You will introduce an additional 20ms delay for every voice packer store in the frame.
You can achieve the nearly same thing with using larger voice samples say 30 or 40 ms if most of your calls are internally.
I Wonder if VoWiFi handsets will support block ACKs at all. Do not know what the standards require.
Anyone seen the WiFi VoWiFi for Enterprise certification spec yet?
I can't answer your last question directly as I worked with telephony systems, that even though they were digital, still used hard line (non-radio) connections. So I had many types of buffering/jitter/lag conditions, but VOIP has even more that I have not had direct programming experience with.
But I can tell you that, in addition to the speech that was digitized, it was/is possible, for example, to put many seconds of silence in a buffer that is only long enough for a couple hundred milliseconds of speech.
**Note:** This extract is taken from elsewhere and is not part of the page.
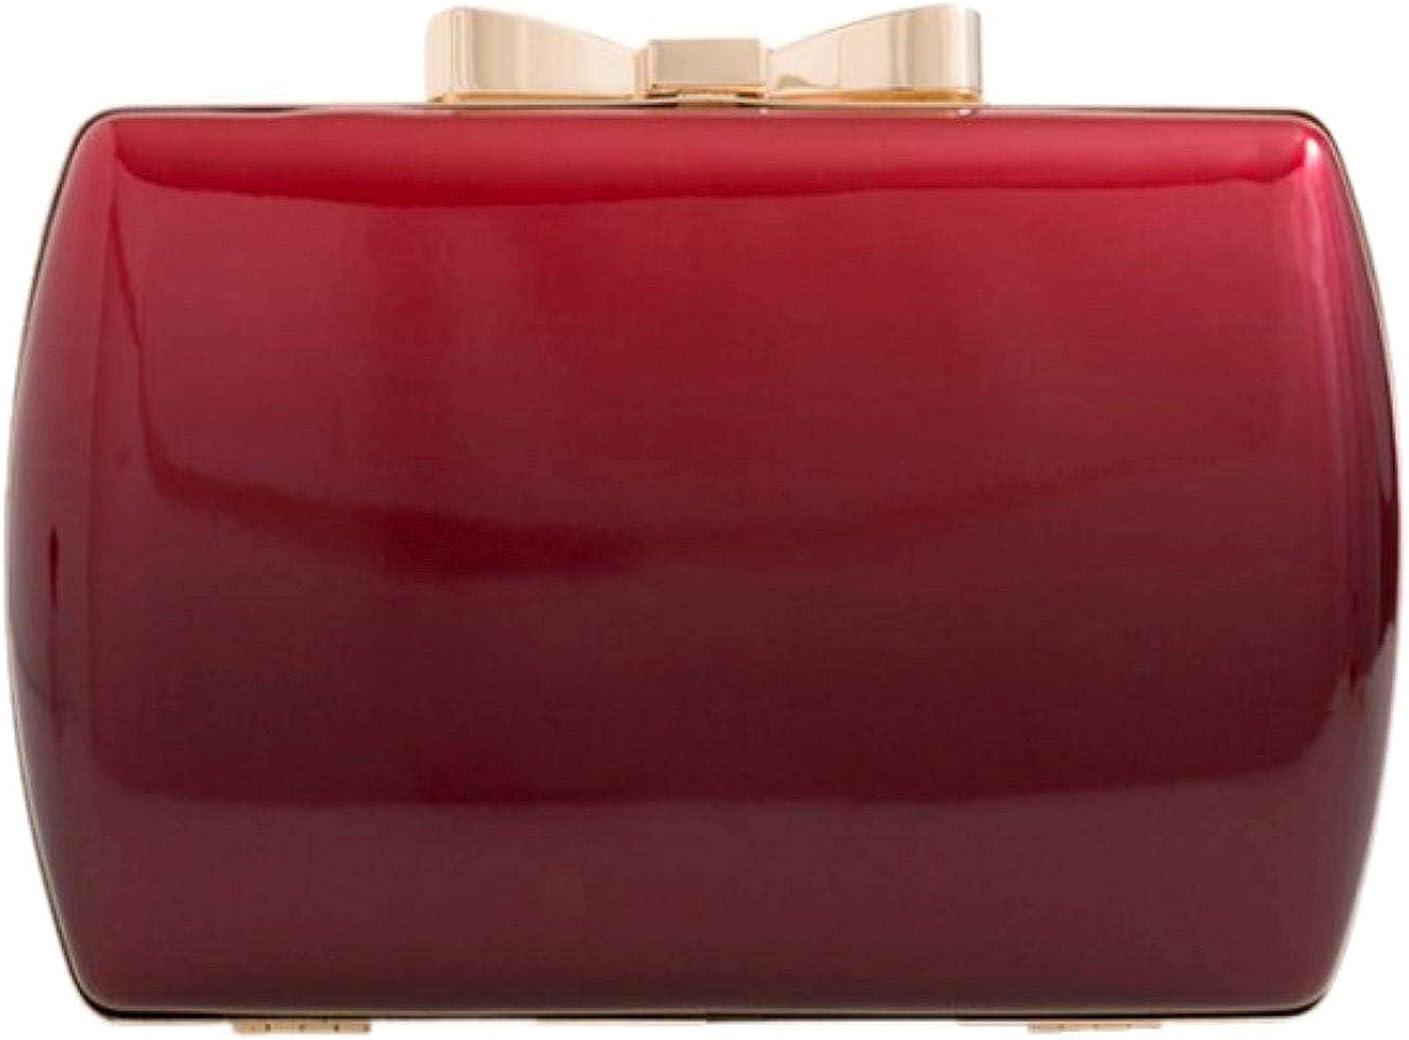 Girly Handbags Womens Glossy Hard Case Clutch Bag

So not all buffers of a certain time length are the same number of bytes long.
My system was using CVSD (Continuous Variable Sloped Delta modulation), AND on top of that there were other things that could be encoded besides voice - "silence" being one of them.
Another technique that could be used, is to simply throw out the last so many milliseconds of a sentence, and the human brain will fill in the missing piece without noticable impairment.
I hope that helps some.